Existen algunas sugerencias de que la globalización está alentando la estructura económica al menos entre los países con ingresos altos y medios(Williamson, 1995), se sigue que la forma en la cual los activos físicos y humanos de una nación están organizados es lo conveniente de que se conviertan en la determinante más importante del desempeño económico de una nación. Los administradores deben tratar con un número creciente de propietarios y contingencias organizacionales, los cuales complican los sistemas de incentivos para administradores y la evaluación del desempeño de las diferentes unidades de la organización, basados en una cultura al mérito donde se conectan la compensación al desempeño alcanzado.

Las preocupaciones sobre la naturaleza del desarrollo económico se centran en las prácticas y políticas de desarrollo humano que una sociedad experimenta y que conllevan a la revisión de las prácticas organizacionales, privadas o públicas.
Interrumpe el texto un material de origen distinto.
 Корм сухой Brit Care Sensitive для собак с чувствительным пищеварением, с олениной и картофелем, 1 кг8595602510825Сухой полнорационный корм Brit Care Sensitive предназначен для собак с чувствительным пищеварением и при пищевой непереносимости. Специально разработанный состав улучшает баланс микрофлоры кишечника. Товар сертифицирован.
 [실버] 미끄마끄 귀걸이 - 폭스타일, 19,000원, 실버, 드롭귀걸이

Lechner (2000) sostiene que las políticas de desarrollo tienen que manejar complementariamente la modernización y la subjetividad. El desarrollo humano es el fin y el desarrollo económico es el medio, aunque el sistema económico neoliberal confunda y persiga el crecimiento económico como el fin y no el medio, lo que resulta en un desarrollo desequilibrado y con un excesivo costo de sufrimiento humano. Los conceptos de desarrollo humano y buen gobierno son conceptos inextricablemente indivisibles.

Una sociedad desarrollada es más humana cuando todos sus ciudadanos son habilitados con capacidades o competencias para ser mejor en vez de para tener más. El desarrollo humano posibilita a los individuos a tener acceso a un conjunto de capacidades tanto para la producción de riqueza como para el logro de su realización personal. Por ejemplo, el empleo de las nuevas tecnologías de la información y el conocimiento (TICs) representan nuevas oportunidades para el desarrollo humano mediante la creación de capital humano y social. El nivel de existencia del capital social (Putnam solo acepta la existencia o no existencia) es determinante de oportunidades para una nación las cuales dependen de sus tradiciones históricas (path dependence). El conocimiento es ahora un recurso más importante que el capital y las materias primas que profundiza o estrecha las brechas del desarrollo entre los países.
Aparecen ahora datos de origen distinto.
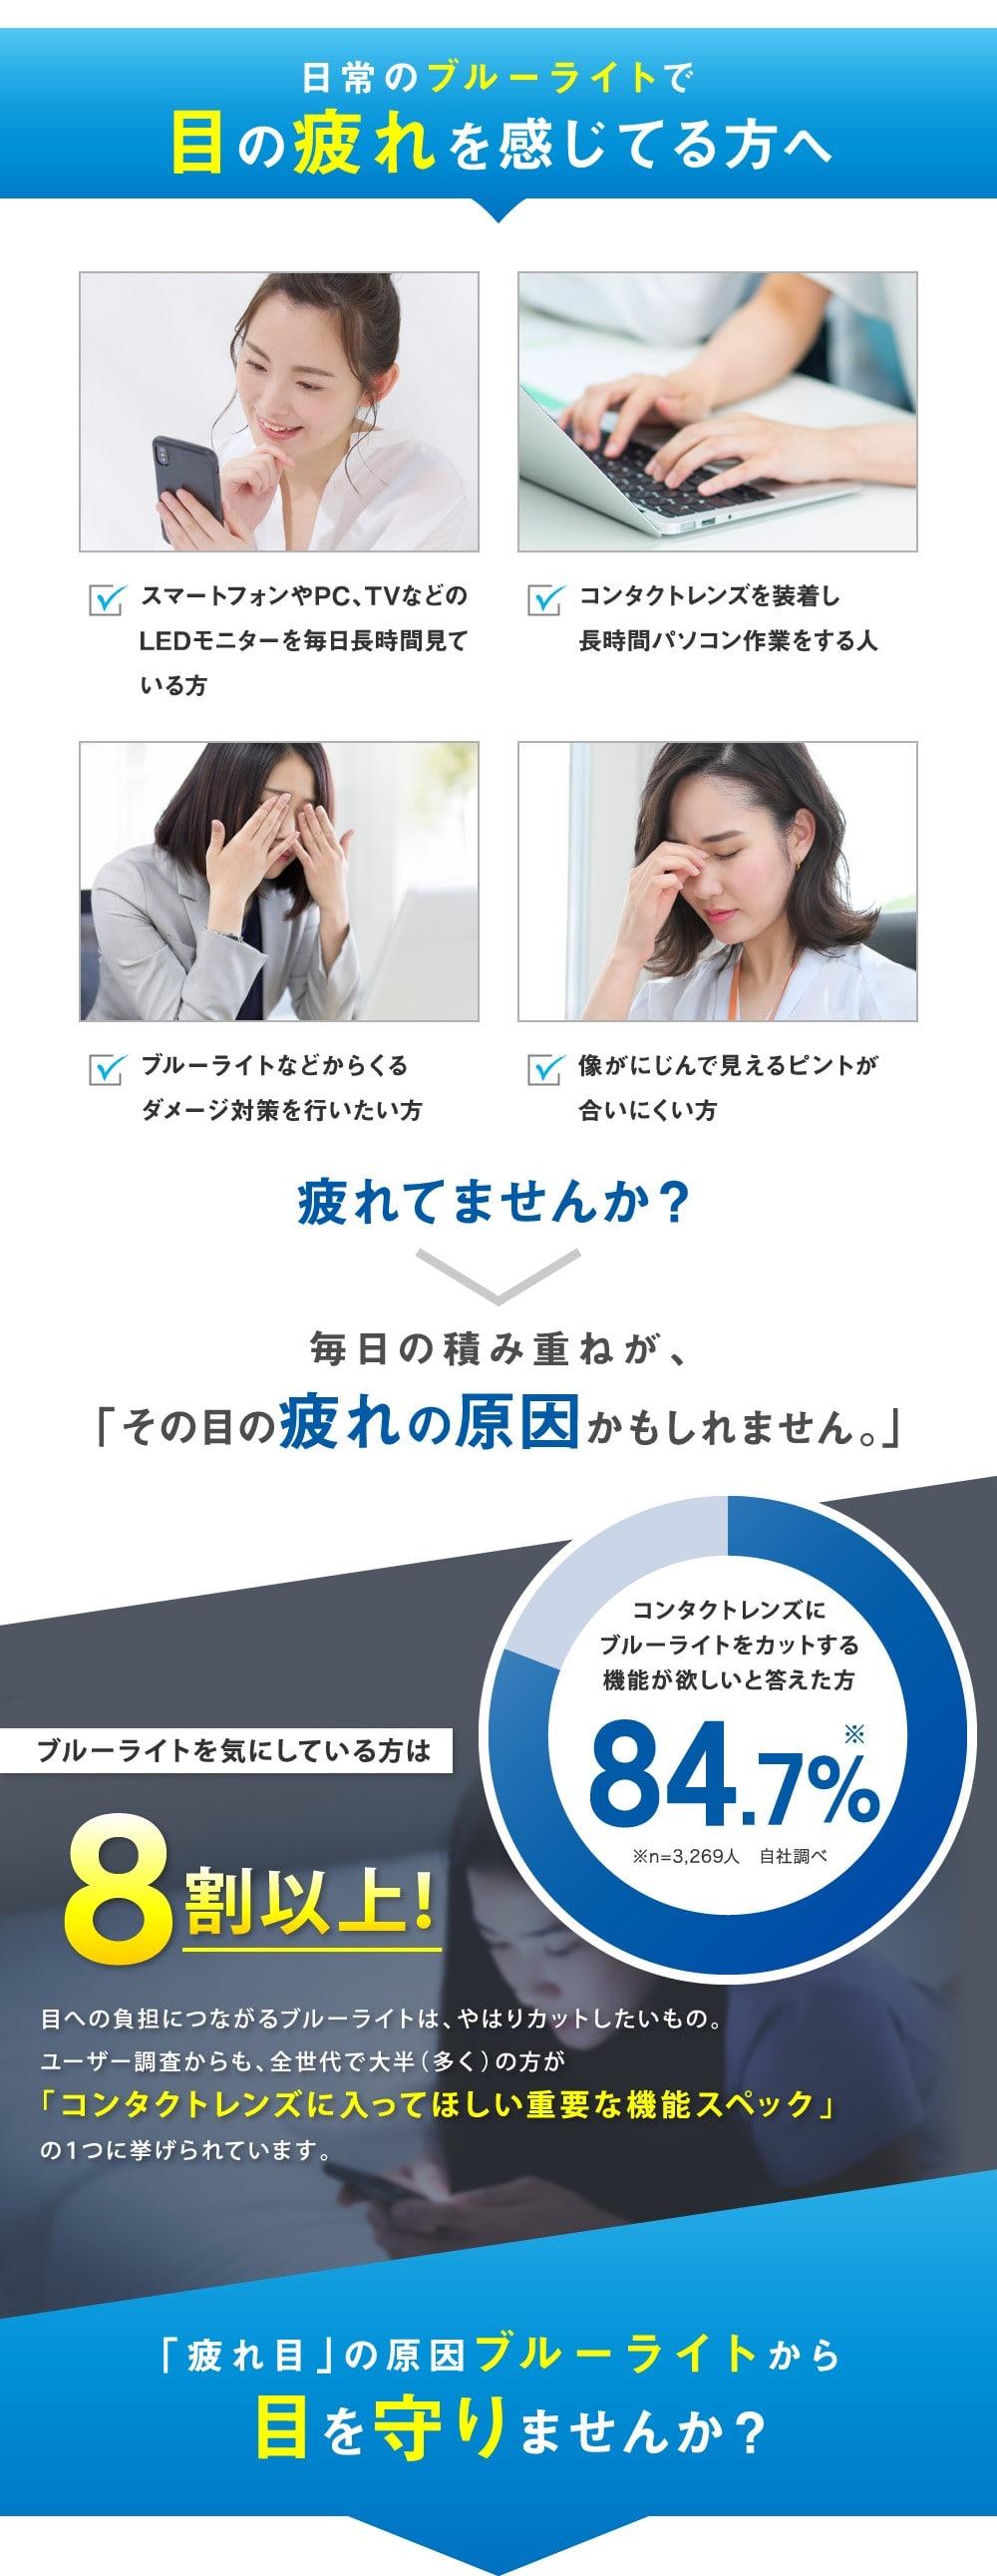 レヴィアBLB 1DAY 10枚 業界初ブルーライト軽減レンズ 価格表・品質・製品概要

Así, el desarrollo económico está sostenido en gran parte por el desarrollo humano, aunque desafortunadamente no siempre el desarrollo económico se traduce en desarrollo humano. El crecimiento económico es el medio y el desarrollo humano es el fin. La noción de crecimiento económico implica la medición cuantitativa en términos del PIB per cápita y el promedio real en el consumo.

Desde cuando se inició la economía del desarrollo, en años posteriores a la Primera Guerra Mundial, su evolución fue de una disciplina teórica separada que enfatizó la acumulación de bienes de capital, como la maquinaria y el hardware. Si embargo, el énfasis se ha modificado para concentrarse más en el conocimiento organizacional o software (Ellerman, 1999) Con esta tendencia, las organizaciones enfrentan retos excitantes para la generación y aplicación de nuevo conocimiento que se transforme en estratégico.